想了想,回了条过去,“我在你家,喂鱼食。”
手机被丢在一旁的红木矮桌上,然后继续她的喂食工作。
被特别关心的小黑胖现在成了名副其实的小黑胖了,估计是许瓒每天都有给它开小灶,所以它又变得圆鼓鼓了起来。
“你得减肥了。”年满决定今天不给它再开小灶了,平等对待。
搁在矮桌上的手机忽然响了起来,这回不是短信的提示音了,而是来电的铃声。
年满把鱼食拿在左手,右手去拿手机。
来电显示是许瓒。
接通,放在耳边。
“年满。”许瓒的声音很低沉。
她轻轻“嗯”了声,算是应下了。
“鱼食,”他停顿了下,“喂好了吗?”
“嗯,”她回答,“刚喂好。

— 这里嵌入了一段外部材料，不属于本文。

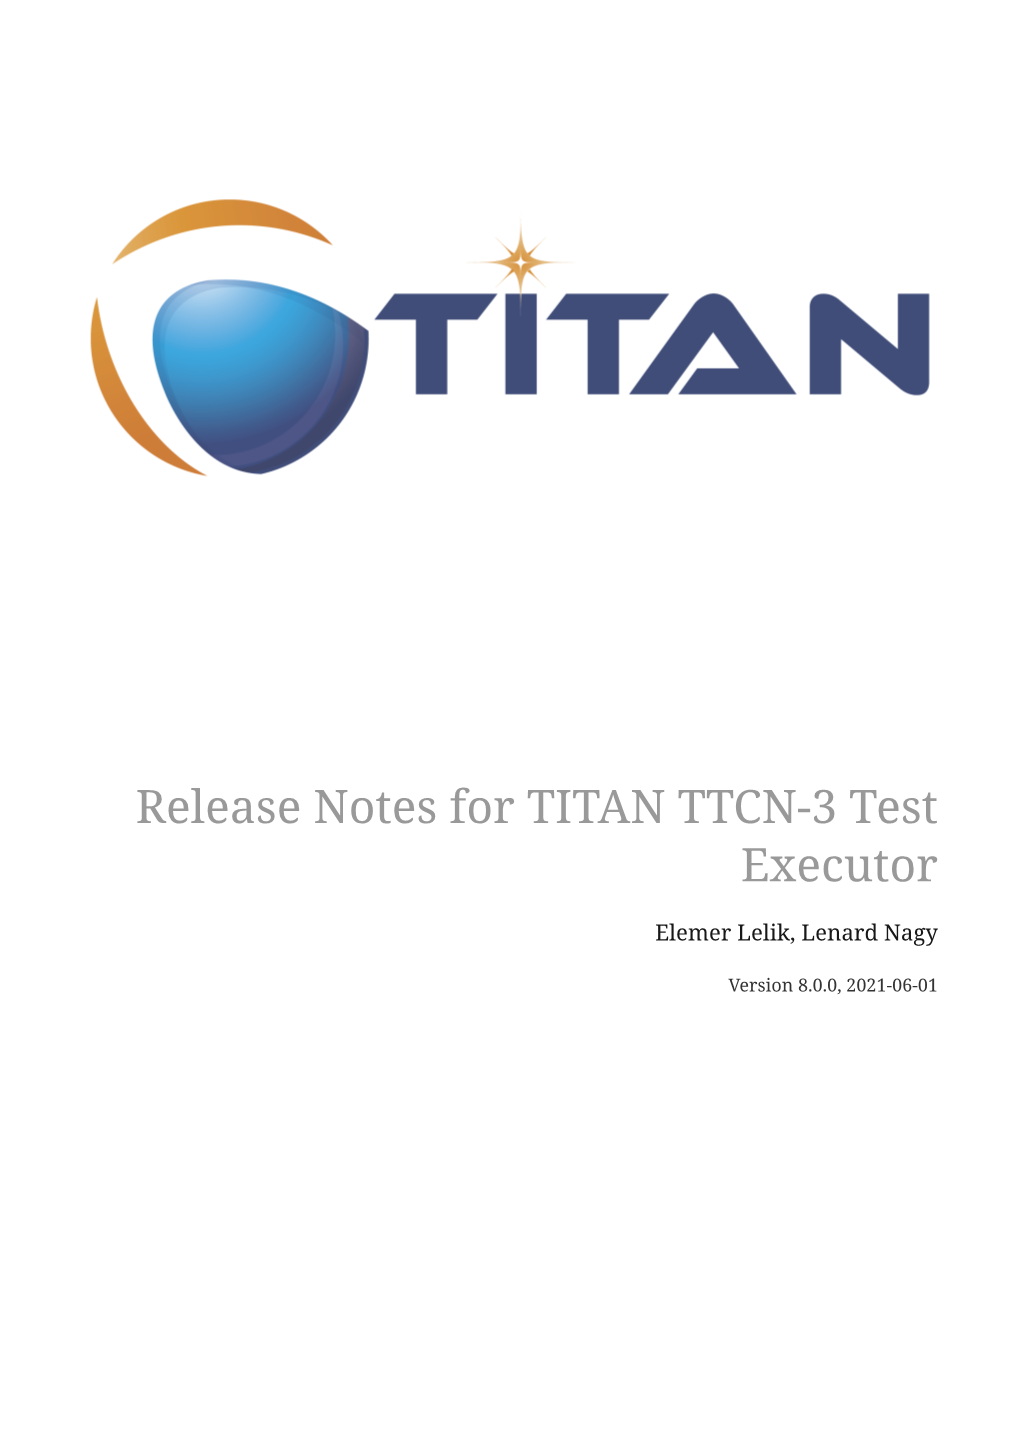 Release Notes for TITAN TTCN-3 Test Executor
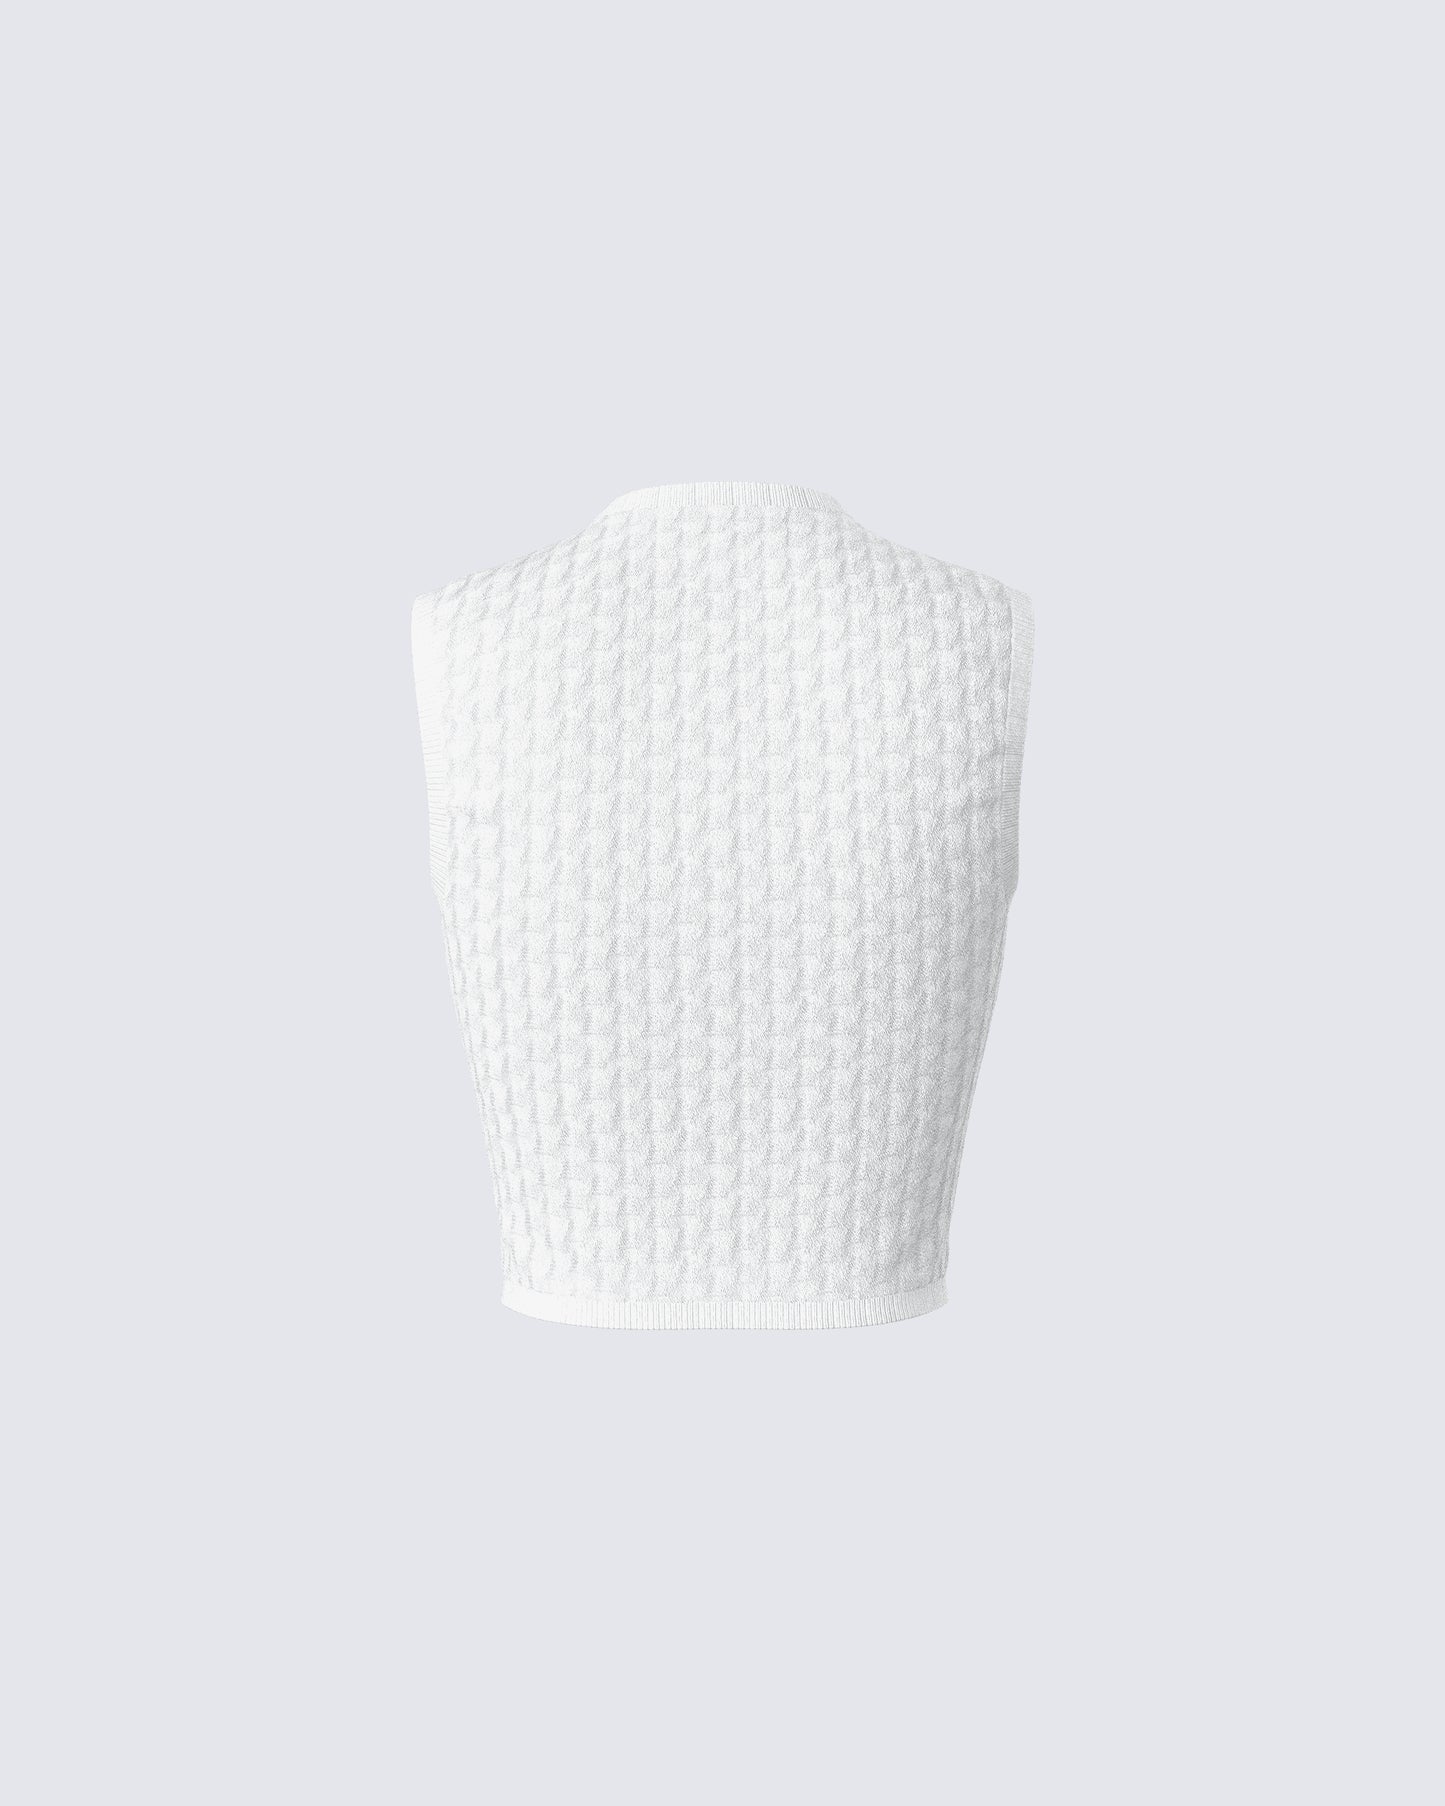 Heidi Ivory Sweater Pattern Top

”
“你现在,在旅馆里吗?”这个时间点,他应该是在旅馆里吧!
“没住旅馆,”许瓒回道,“今晚住在宇宙的二伯家里。”
这样啊,她以为他会住在乡镇上的旅馆里。
“他父母,还好吗?”
“还没告诉他父母。”屋里开着灯,老式的玻璃灯泡,外面一片漆黑,许瓒站在窗前,左手拿着手机,看着玻璃窗上映着的自己。
十一月的天气,已经开始有些凉了,要弟的二伯给他和要弟各煮了碗面,二伯说他是客,怎么说都不能是一碗面条,但今天他们来的突然,家里也没准备饭菜,只能请他今天讲究些。
怎么会是将就,望着这间上了年纪的老房子,和一下之间似乎老了好几岁的人,他只觉得自己惭愧。
“你今天开了很久的车。”年满对着手机低低着声音问,“会不会很累?”
“有点。”他不想在她面前假装没事,前半程的路还算好走,可到了后半段,修路,堵车,时间太长,确实很疲累。
车进了漯河市,便下起了雨,还好雨不大,只是很小的细雨,一直到他们到了地方,雨才开始变得大了起来。
现在窗外的雨已经停了,雨急得快,走的也快。
“吃过饭了吗?”年满问他。
“嗯,”他低低着声音,“吃了。”
昨天晚上那顿饺子吃的太撑,以至于今早都不觉得饿,不过还是在路边的面馆里要了碗面,小份量的。
中午是在服务区吃的,要弟勉强吃了几口。这家服务区饭菜的口味确实不太好,不过他还是把吃完了。